"""

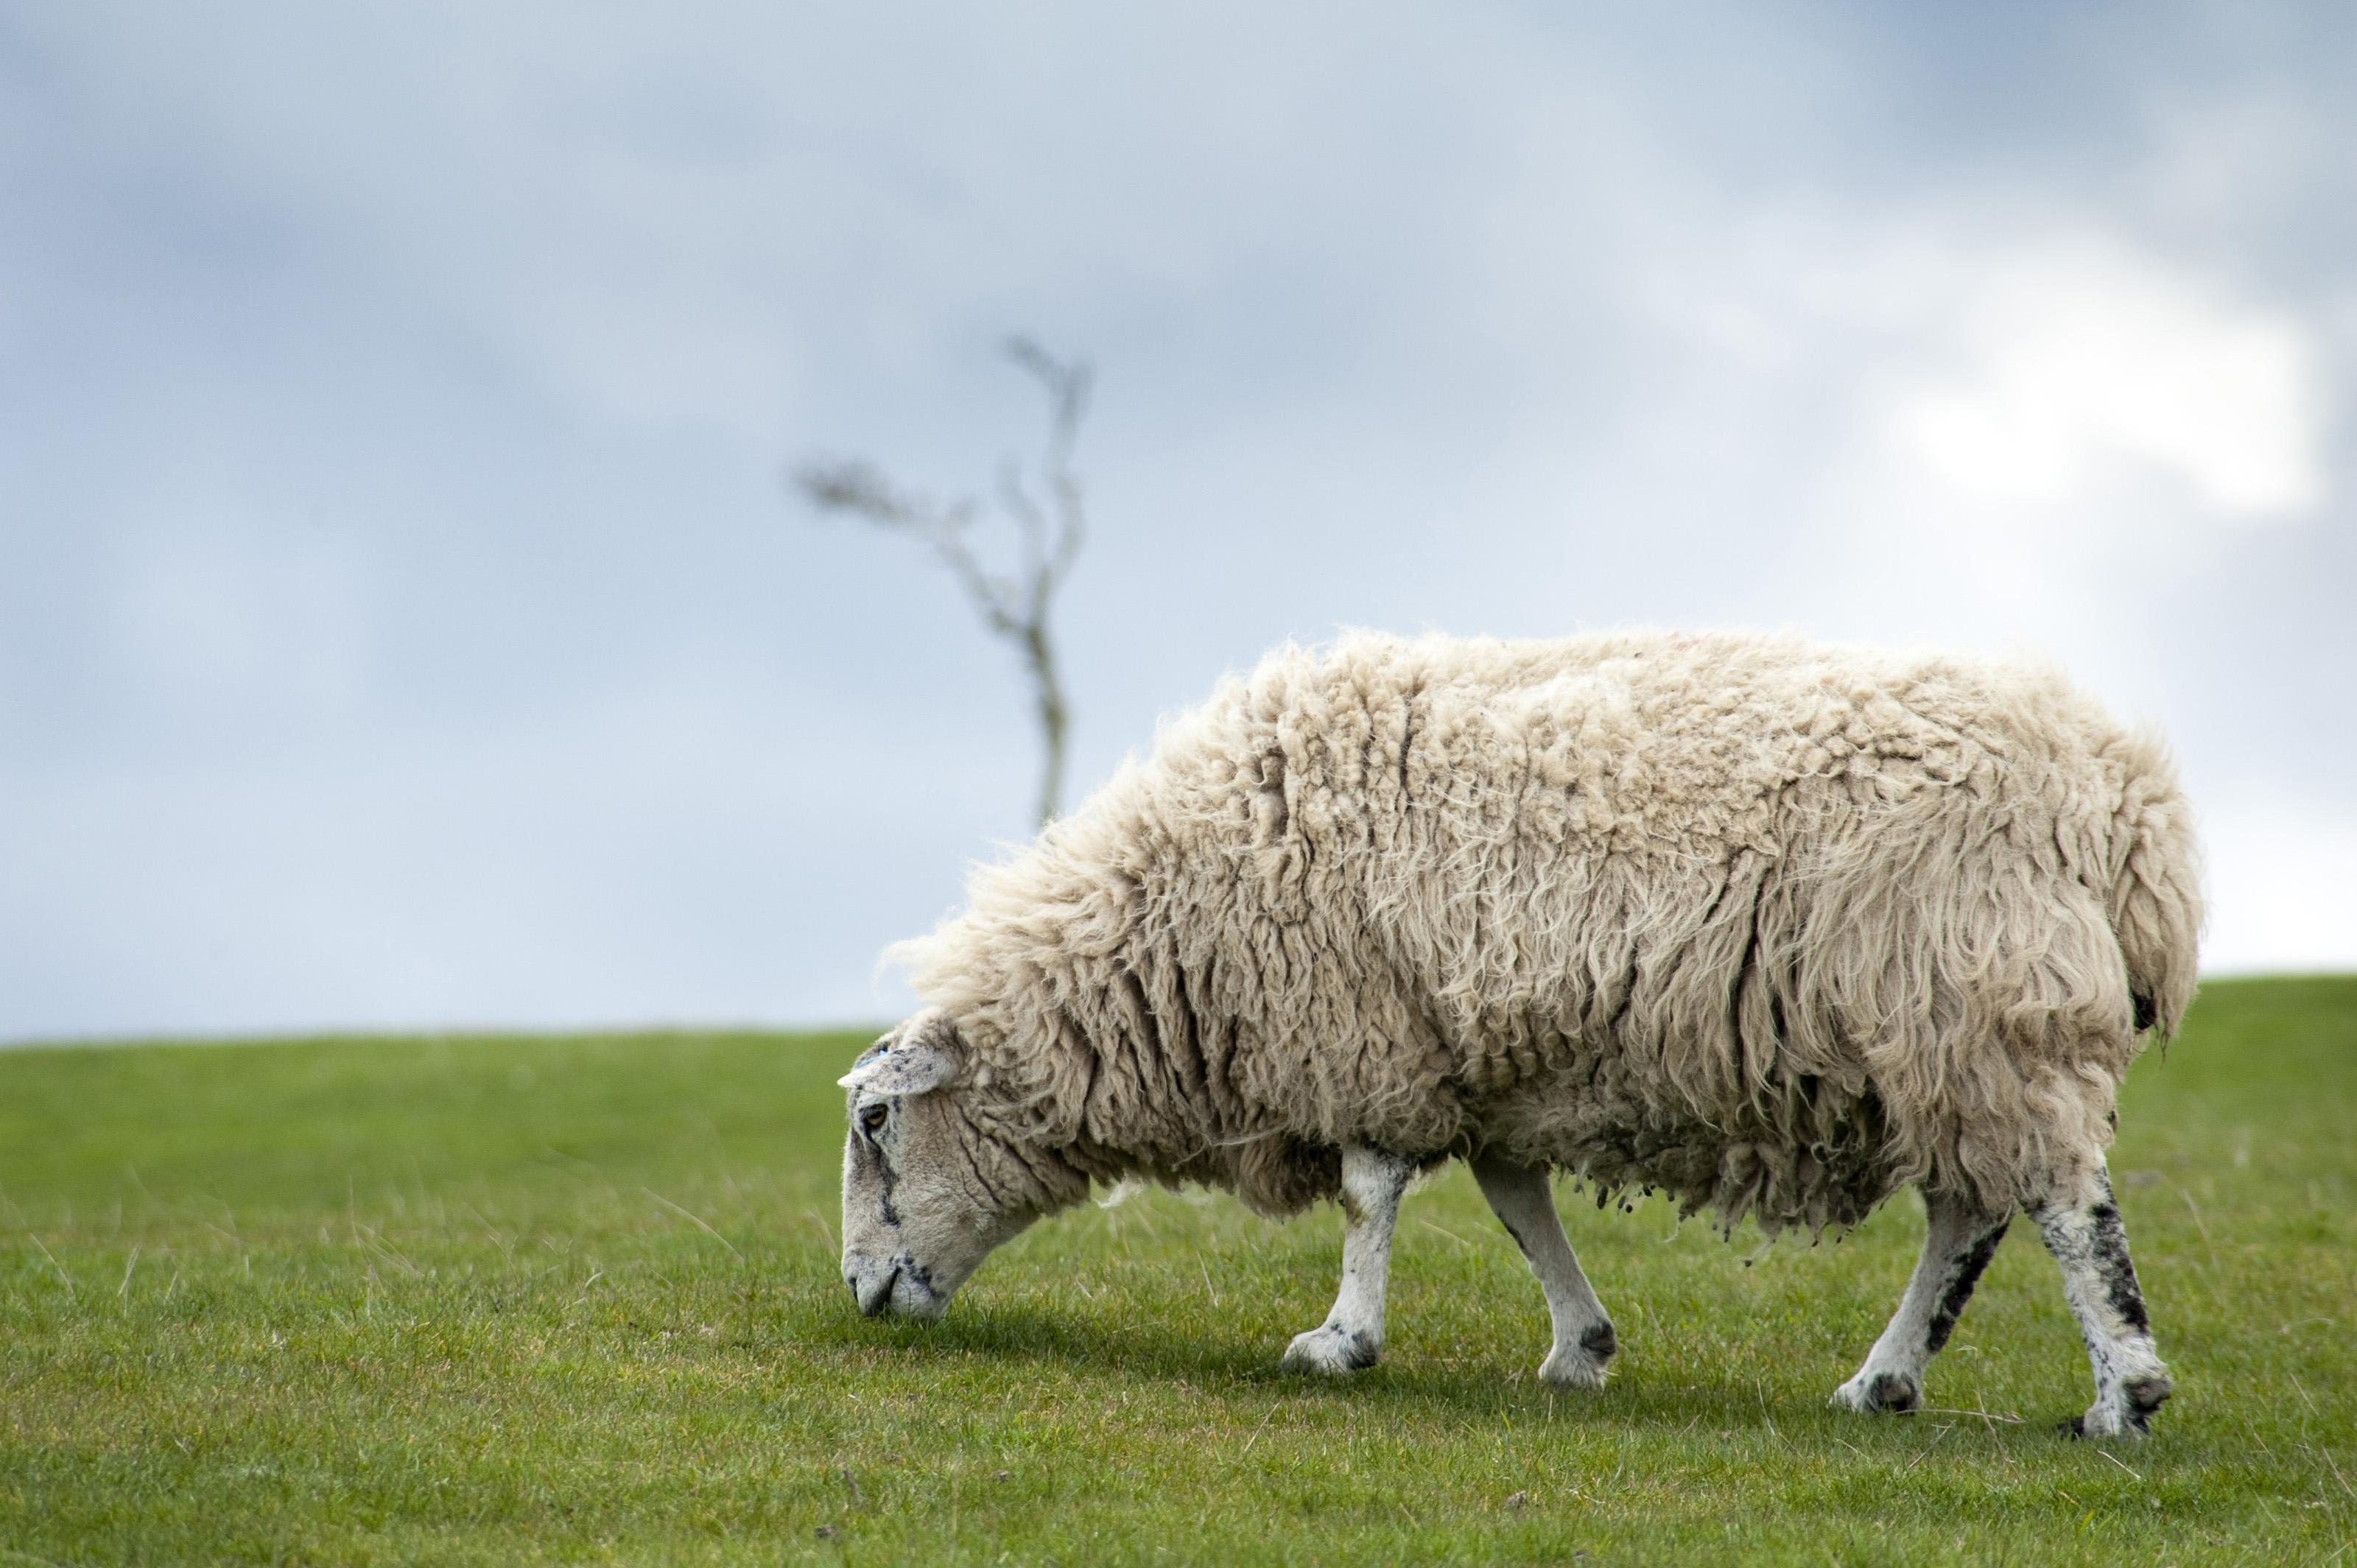 Lone sheep grazing-6779 | Stockarch Free Stock Photos
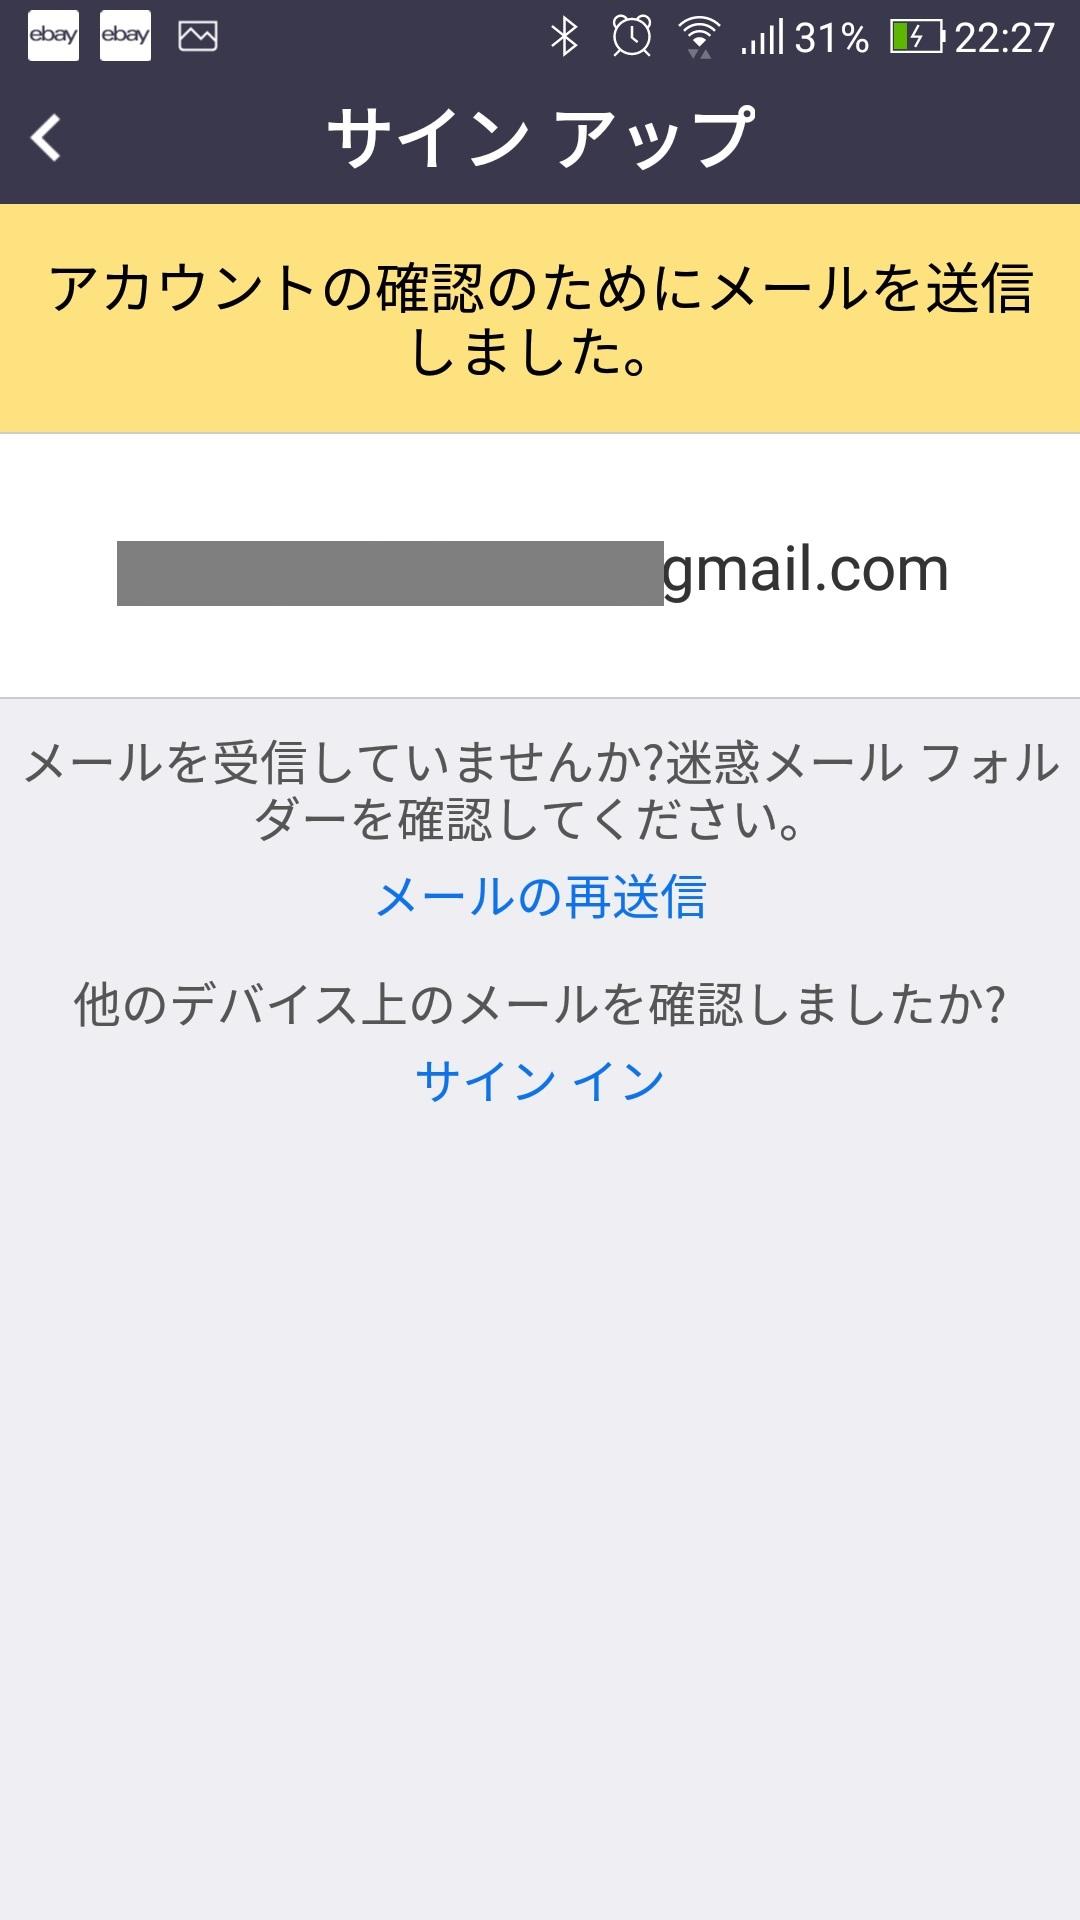 Screenshot 20200416 222800 - Zoomの使い方~一人で総合セルフチェック(パソコンとスマホを使って自分で)
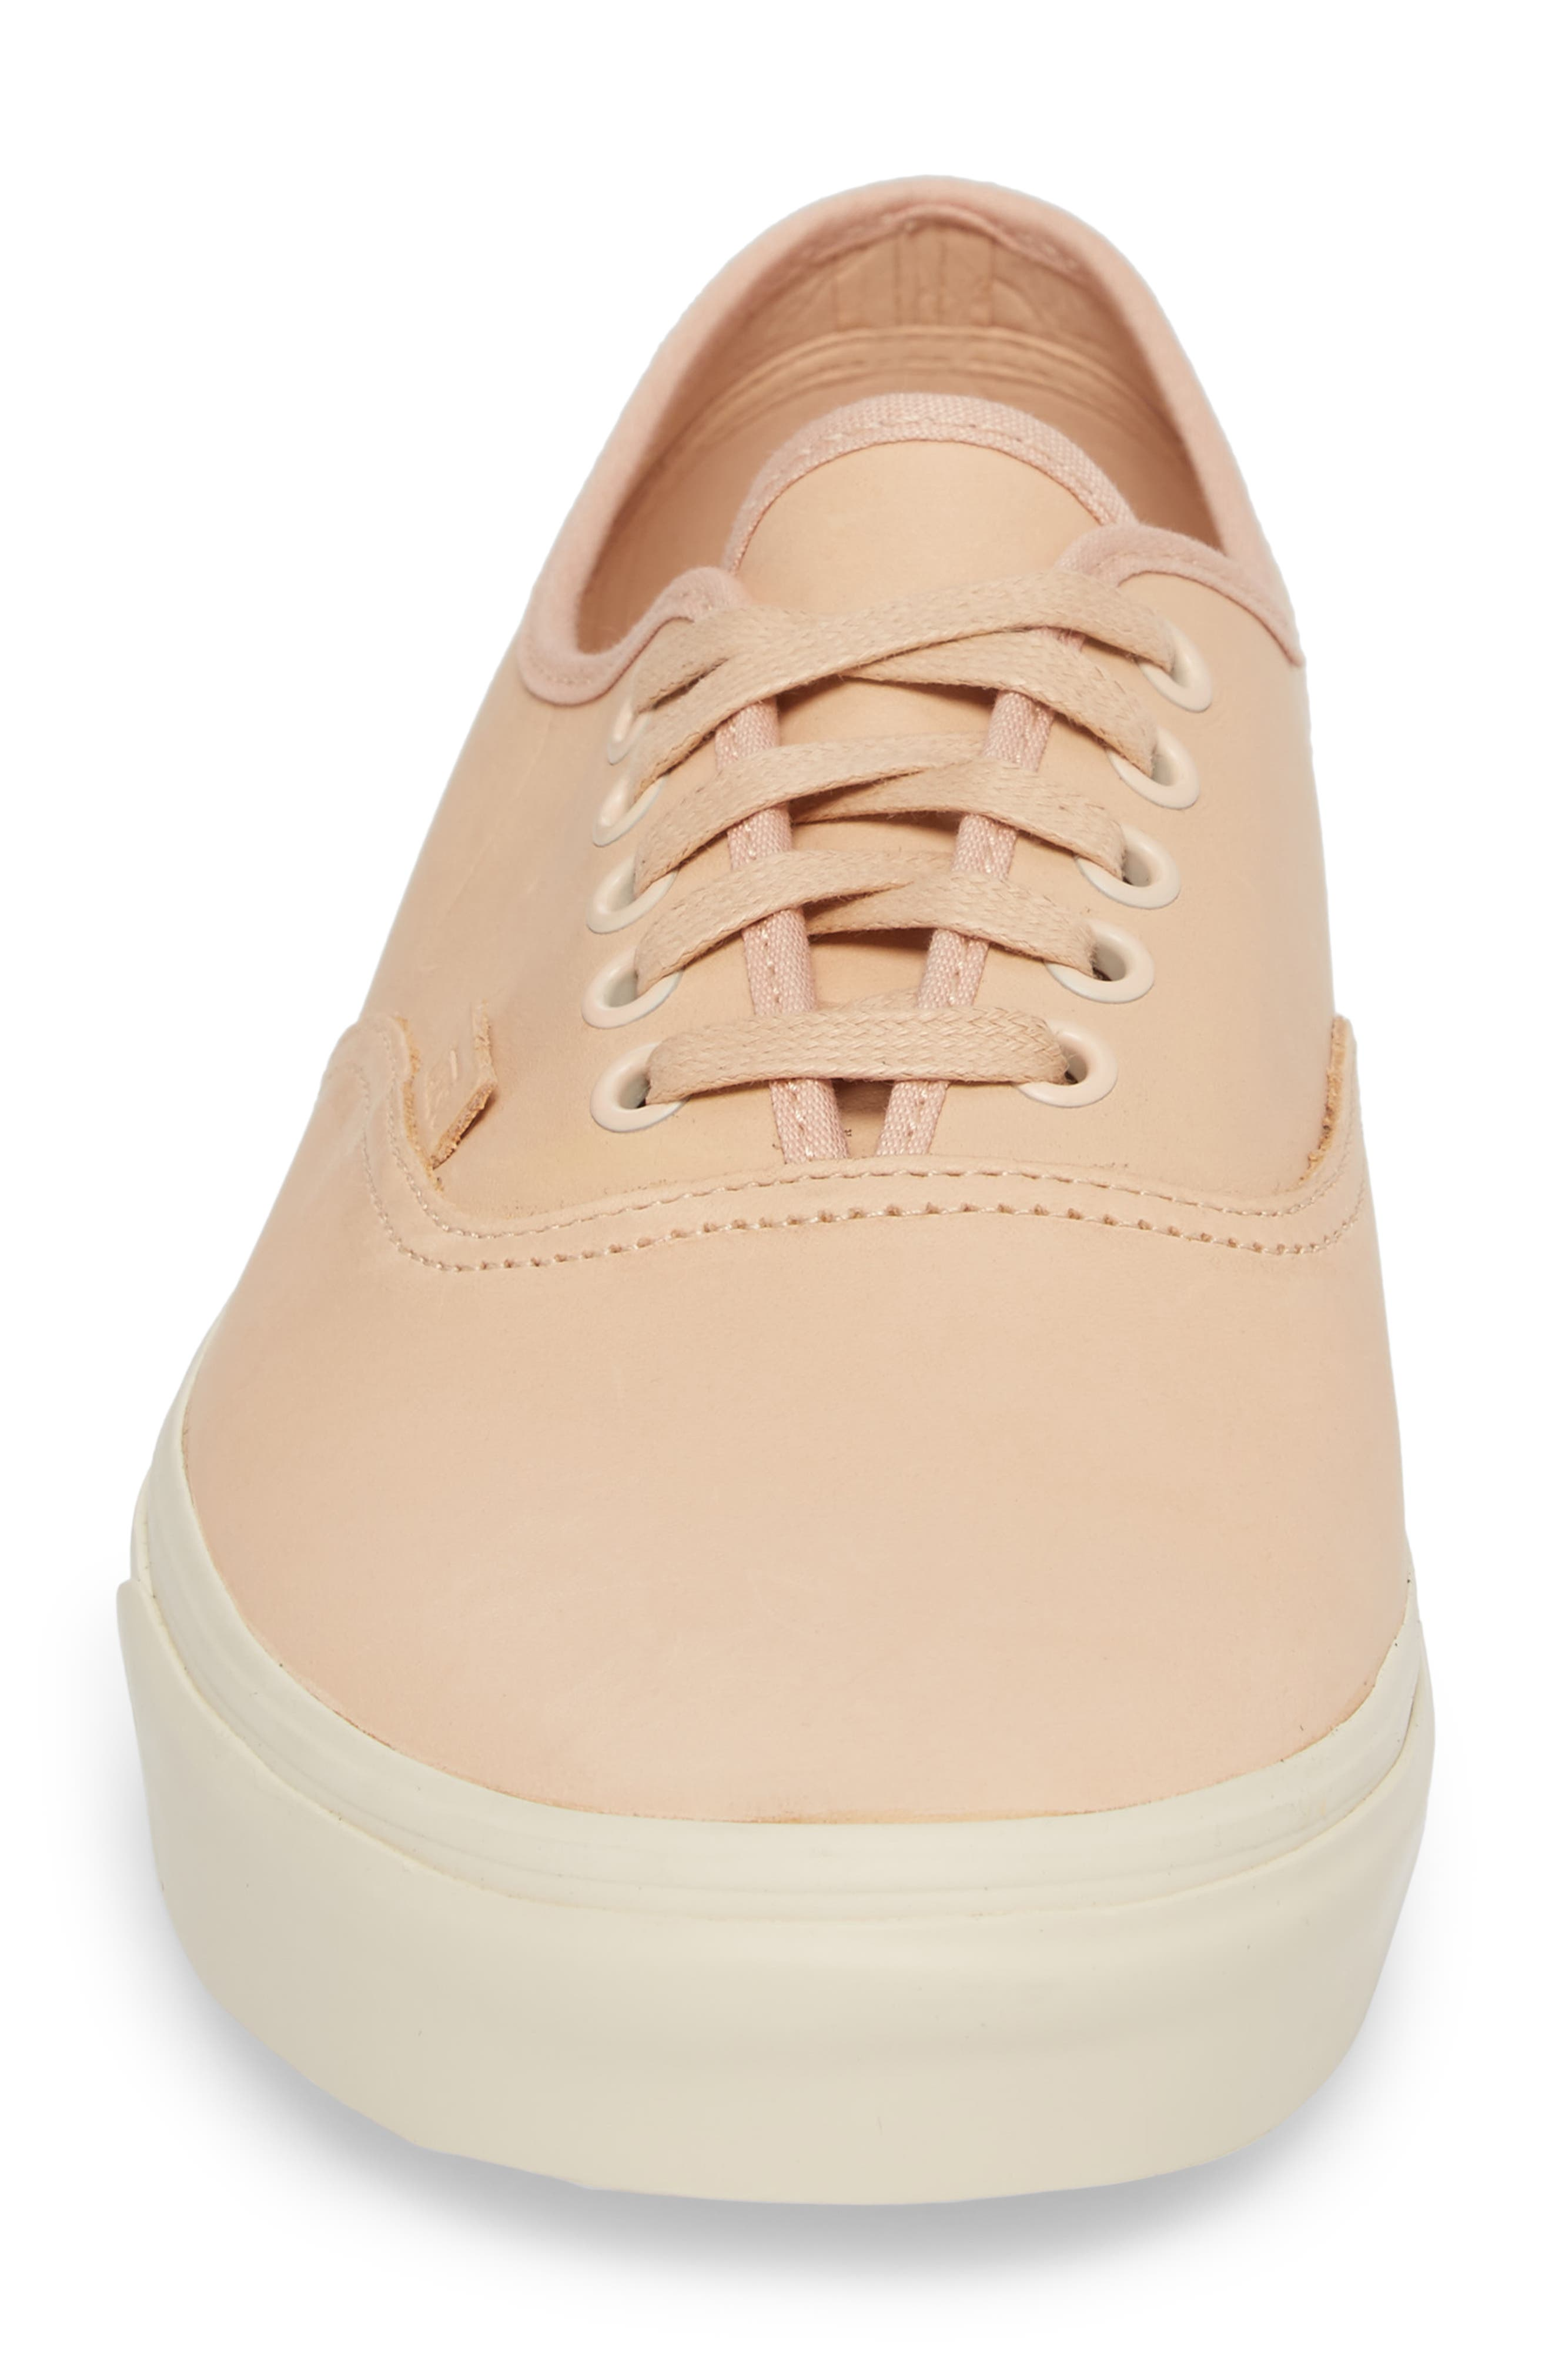 Authentic DX Sneaker,                             Alternate thumbnail 4, color,                             Veggie Tan Leather

"""

WHAT TO DO: Leave the pictures out, and reproduce only the lines from the line holding "Screenshot 20200416 222800" through the last line of the material, both included.

FINAL ANSWER:
 Screenshot 20200416 222800 - Zoomの使い方~一人で総合セルフチェック(パソコンとスマホを使って自分で)
 Authentic DX Sneaker,                             Alternate thumbnail 4, color,                             Veggie Tan Leather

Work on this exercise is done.